Friday, November 08, 2013

Tantra's Ineluctable Logic?




Buddhist wisdom is simply wisdom. It isn’t necessarily any the more wise for being Buddhist. I know my Buddhist friends may not like me saying that, but I’m not all so sure how Buddhist they are to begin with...  anyway I have observed how Buddhists do require conversion to Buddhism time and time again. There is a commonplace wisdom that wisdom comes with age, an expression I passionately detested when I was younger (along the same lines: “When you’re older you’ll understand...”).

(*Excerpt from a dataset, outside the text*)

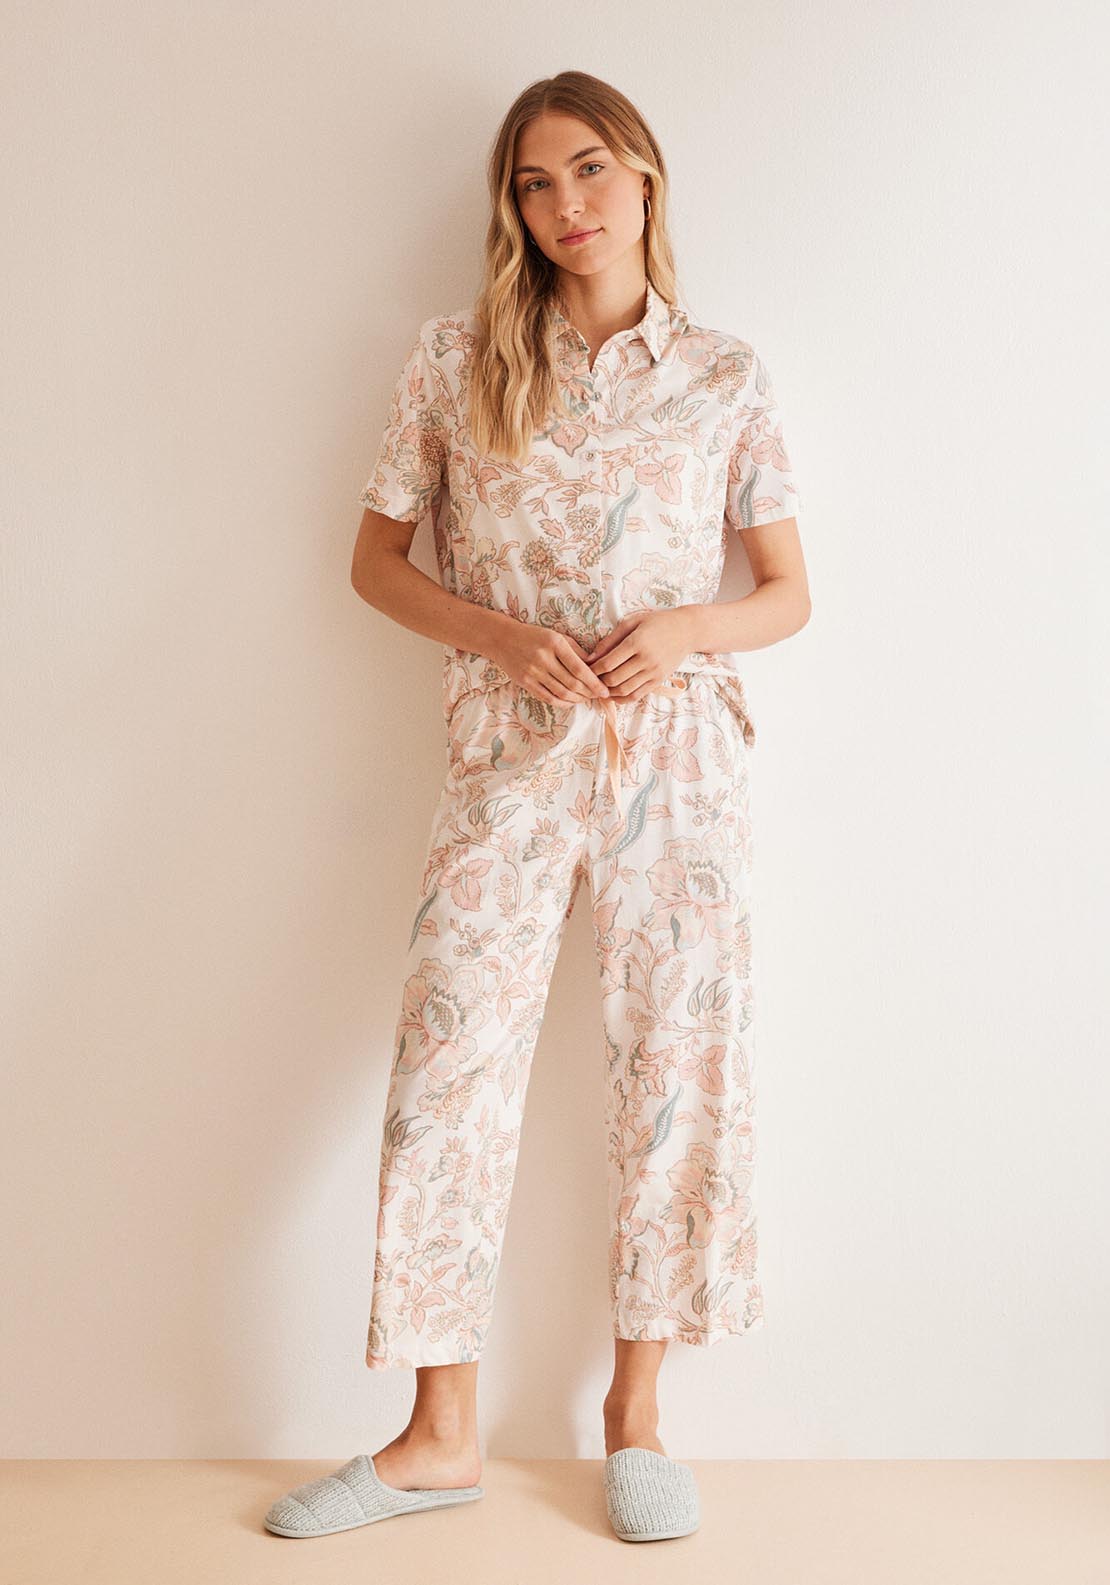 Womens Secret Classic floral print pyjamas in 100% cotton - White 1 Shaws Department Stores
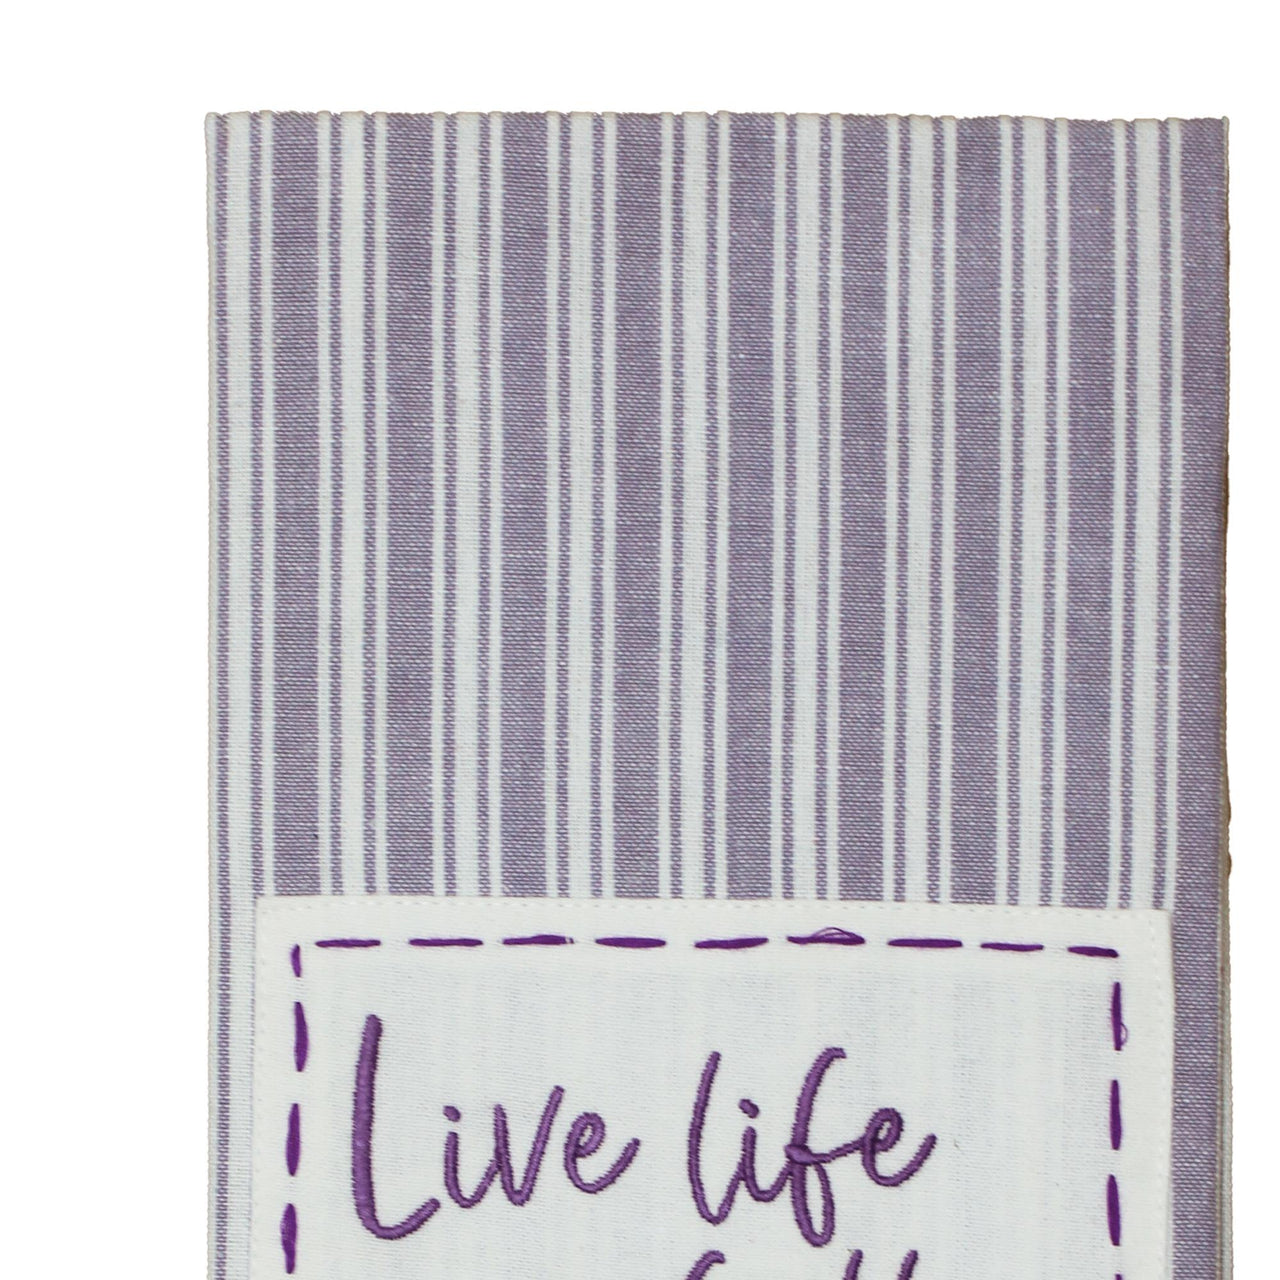 Live Life in Full Bloom Towel ET000043

Today I’d venture there is some truth in it.  For instance I’ve seen that young people just don’t know that failure is success. They only see the failure, and don’t appreciate the opportunity it nearly always presents them. When you get a present, you ought to be saying ‘Thank you!’ Seeing how badly they take defeat always looks so-o-oh pathetic you almost want to feel sorry for the bastards. When people concede defeat (or put themselves at risk) in order to help another person, they become so much bigger for that, they come out winners, don’t they? Young people fail to recognize these simple wisdoms over and over again until they’re too old to benefit from them anymore. So then they might think they have to express their well thought-out thoughts to the young people, young people who just won’t buy it whether they’re getting charged for it or not. 


Listen children! Failure keeps us growing and prevents us from getting stuck. Period, full stop. Stop your whining. The one who loses the argument is the one who learns the most, is indeed the successful one. These are things we either know from experience or don’t know at all...  Not that anybody really ever grows up all that much. That’s why reincarnation, if it didn’t exist, would have to be invented. We always have a lot further to go than one life can normally allow time for.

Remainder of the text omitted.